Wir haben so viel Grund zur Dankbarkeit. Unter anderem blieb unser Land wie durch ein Wunder von beiden Weltkriegen verschont. Trotz den auch sprachlich recht unterschiedlichen Landesteilen auf kleinstem Raum funktioniert die Schweiz bisher (im Vergleich mit vielen anderen Ländern) hervorragend. Auch den mit gegen 25 Prozent sehr hohen Ausländeranteil und die vielen Einbürgerungen scheint unser Land bis jetzt relativ gut zu verkraften. Ein noch vergleichsweise hochstehendes Bildungssystem, verbunden mit einer tiefen Arbeitslosigkeit dank einer florierenden Wirtschaft, haben unserem Land Wohlstand gebracht, erträgliche Steuern und ein gut ausgebautes Sozial- und Gesundheitswesen ermöglicht. Unsere direkte Demokratie mit dem Subsidiaritätsprinzip ist einzigartig und hat in der Vergangenheit viel zum Wohlergehen beigetragen. Wir dürfen Freude an unserem Land haben. Wir dürfen dankbar sein, dass wir in diesem Land leben dürfen. Solches Denken und solche Gefühle sind nicht zu verwechseln mit unangebrachtem rechtsradikalem, rassistischem Gedankengut. Denn wir wollen auch nicht vergessen, dass unsere Vorfahren dieses Land aufgebaut haben und wir von vielen Errungenschaften  einfach so profitieren. Es ist nicht unser Verdienst, dass wir ausgerechnet in diesem Land geboren wurden oder aufwachsen durften.

Bei alledem ist wohl den meisten Bürgern kaum bewusst, dass bis vor ca. 50 Jahren der christliche Glaube im Volk eine wichtige Rolle spielte. Er prägte das Denken, Reden und Handeln vieler Politiker, Unternehmer und Arbeiter.

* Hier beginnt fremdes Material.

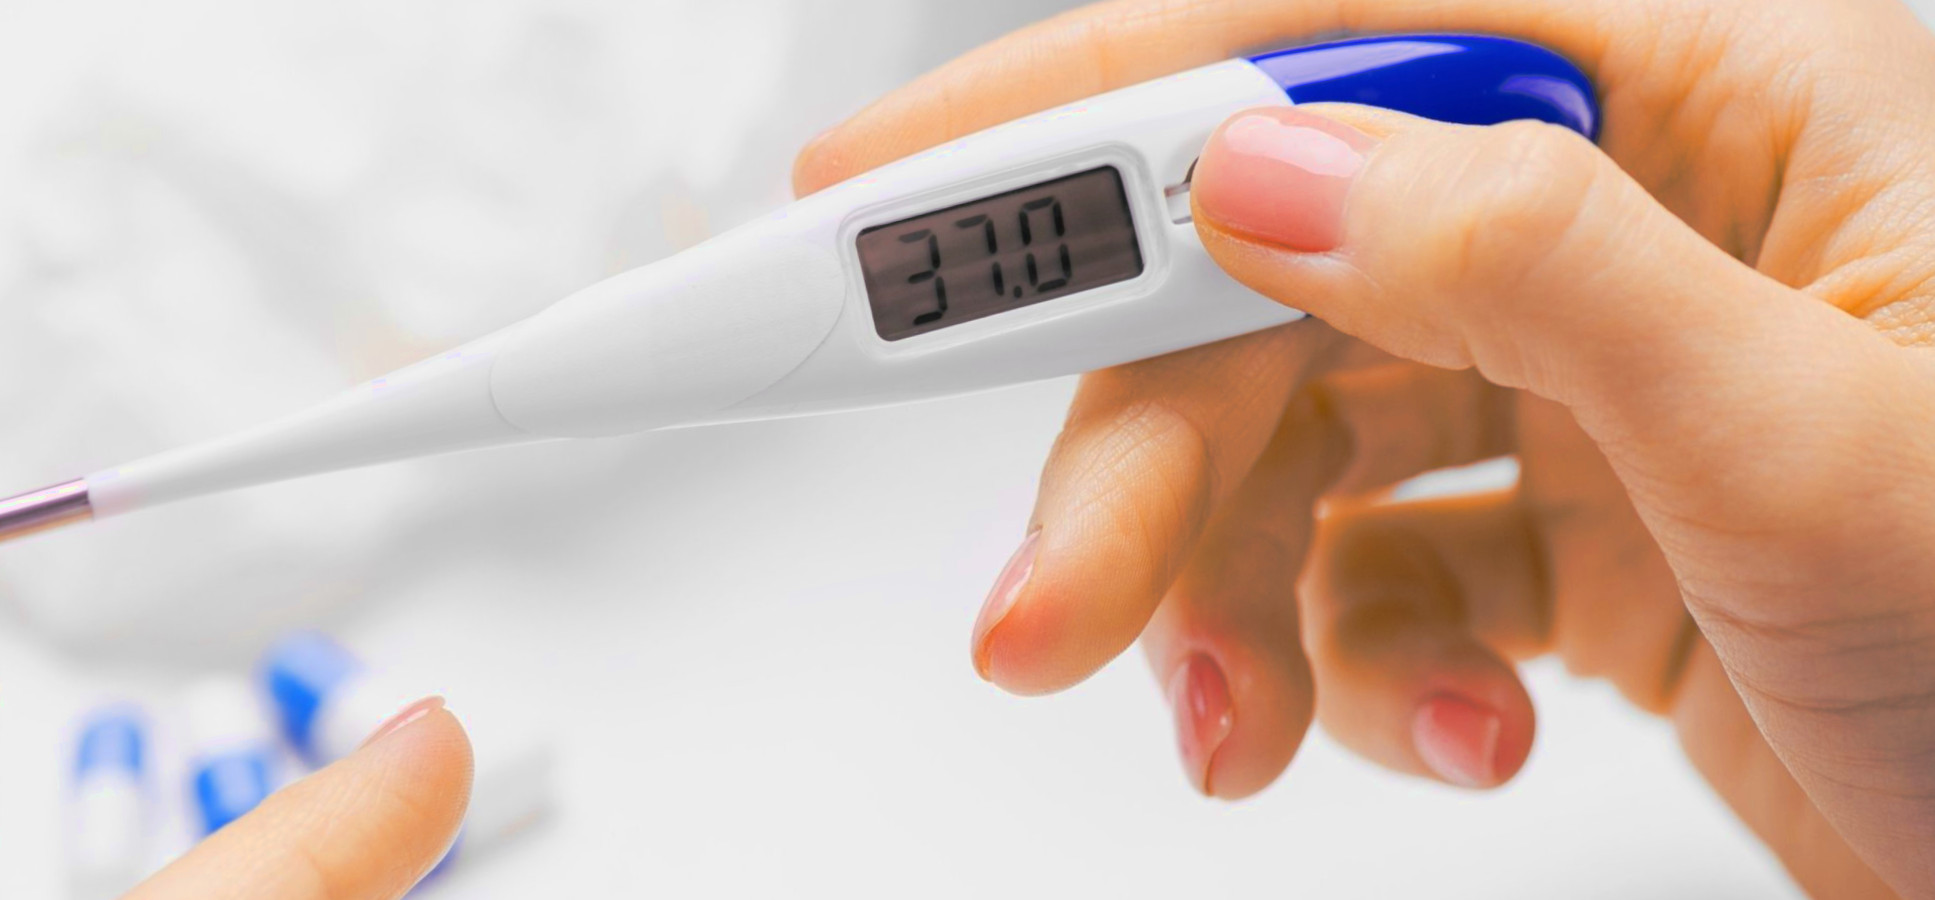 Termometro per la febbre diverse tipologie : a galinstan , laser e digitale

In der Bibel wurzelnde Werte wie Familiensinn, Treue, Fleiss, Sorgfalt, Vertrauen, Respekt, Eigenverantwortung, Demut, Weitsicht, Ehrlichkeit, Uneigennützigkeit  und Gottesfurcht im besten Sinn waren für viele Menschen keine leeren Worte. Davon – mithin selbst unbewusst (d.h. nicht praktizierend religiöse) – geprägte Vorbilder dürften noch heute viel zum Segen in unserem Land beitragen. Dabei gehört Gott allein die Ehre, der allen Schutz und Segen geschenkt hat.

Aller Segen und alles Erreichte ist wohl viel mehr in Gefahr, als wir wahrhaben möchten. Es fängt damit an, dass wir nicht mehr wissen, was uns so erfolgreich gemacht hat und wem wir dies alles verdanken. Dieser Hintergrund wird nicht mehr weitergegeben. Damit einhergehend wird das Christentum und damit Gottes Wort zunehmend geringgeachtet oder sogar der Lächerlichkeit preisgegeben.

Gefährlich wird es ebenfalls, wenn sich Gedankenlosigkeit, Oberflächlichkeit, Kurzsichtigkeit, Egoismus sowie Ideologien breitmachen. Es ist wichtig, dass wir uns immer wieder fragen, was wir beitragen können zum Wohl von uns allen und unserem Land im Speziellen. Es ist keineswegs verwerflich, wenn wir eigenständig denken und handeln, sondern geradezu elementar für uns und unser Land. Weiter ist es wichtig, weil wohltuend, förderlich und befreiend, wenn wir nicht nur am Buss-, Dank- und Bettag „reinen Tisch“ machen mit unserer Vergangenheit und derjenigen unseres Landes. Die tägliche Prüfung unser selbst am Wort Gottes, die Bitte um Erkenntnis von Schuld, falschem Denken und Blindheit sowie die befreiende und reinigende Vergebung durch Jesus Christus sind jederzeit zugänglicher Gewinn.

Leider braucht es ein Hinterfragen, ein gewisses Misstrauen und Auf-die-Finger-Schauen bei unseren Politikern, Regierenden, Medien und Organisationen: Haben diese die Standhaftigkeit, zuerst das Wohl der Schweiz und seiner Bevölkerung in seiner bewährten Eigenständigkeit zu suchen ohne unangebrachte Bevormundung und Anbindung an internationale Organisationen? Wir brauchen unbedingt Mut, noch zu sagen, was wir denken. Wir dürfen nicht zulassen, dass die freie Meinungsäusserung und das freie Denken zunehmend eingeschränkt werden. Der Wettbewerb der Argumente und Meinungen und der Respekt vor dem Gegenüber mit auch anderen Überzeugungen sind elementar. Denn auch Jesus zwang niemanden, sich zu bekehren; er sah stets auf die Herzenshaltung. Ebenso brauchen wir weiterhin Freiheiten und Eigenständigkeit, um auch verschiedenen Modellen, Lebensentwürfen und Überzeugungen Raum zu geben, solange diese andere Einwohner oder unser Land weder bevormunden noch gefährden. Stehen wir dafür ein, im Gebet vor unserem Vater im Himmel, aber auch mit Wort und Tat in der Gesellschaft.                 

Autorangaben

Lisa Leisi ist Familienfrau und wohnt in Dietfurt. Sie ist Präsidentin der EDU Kt. SG.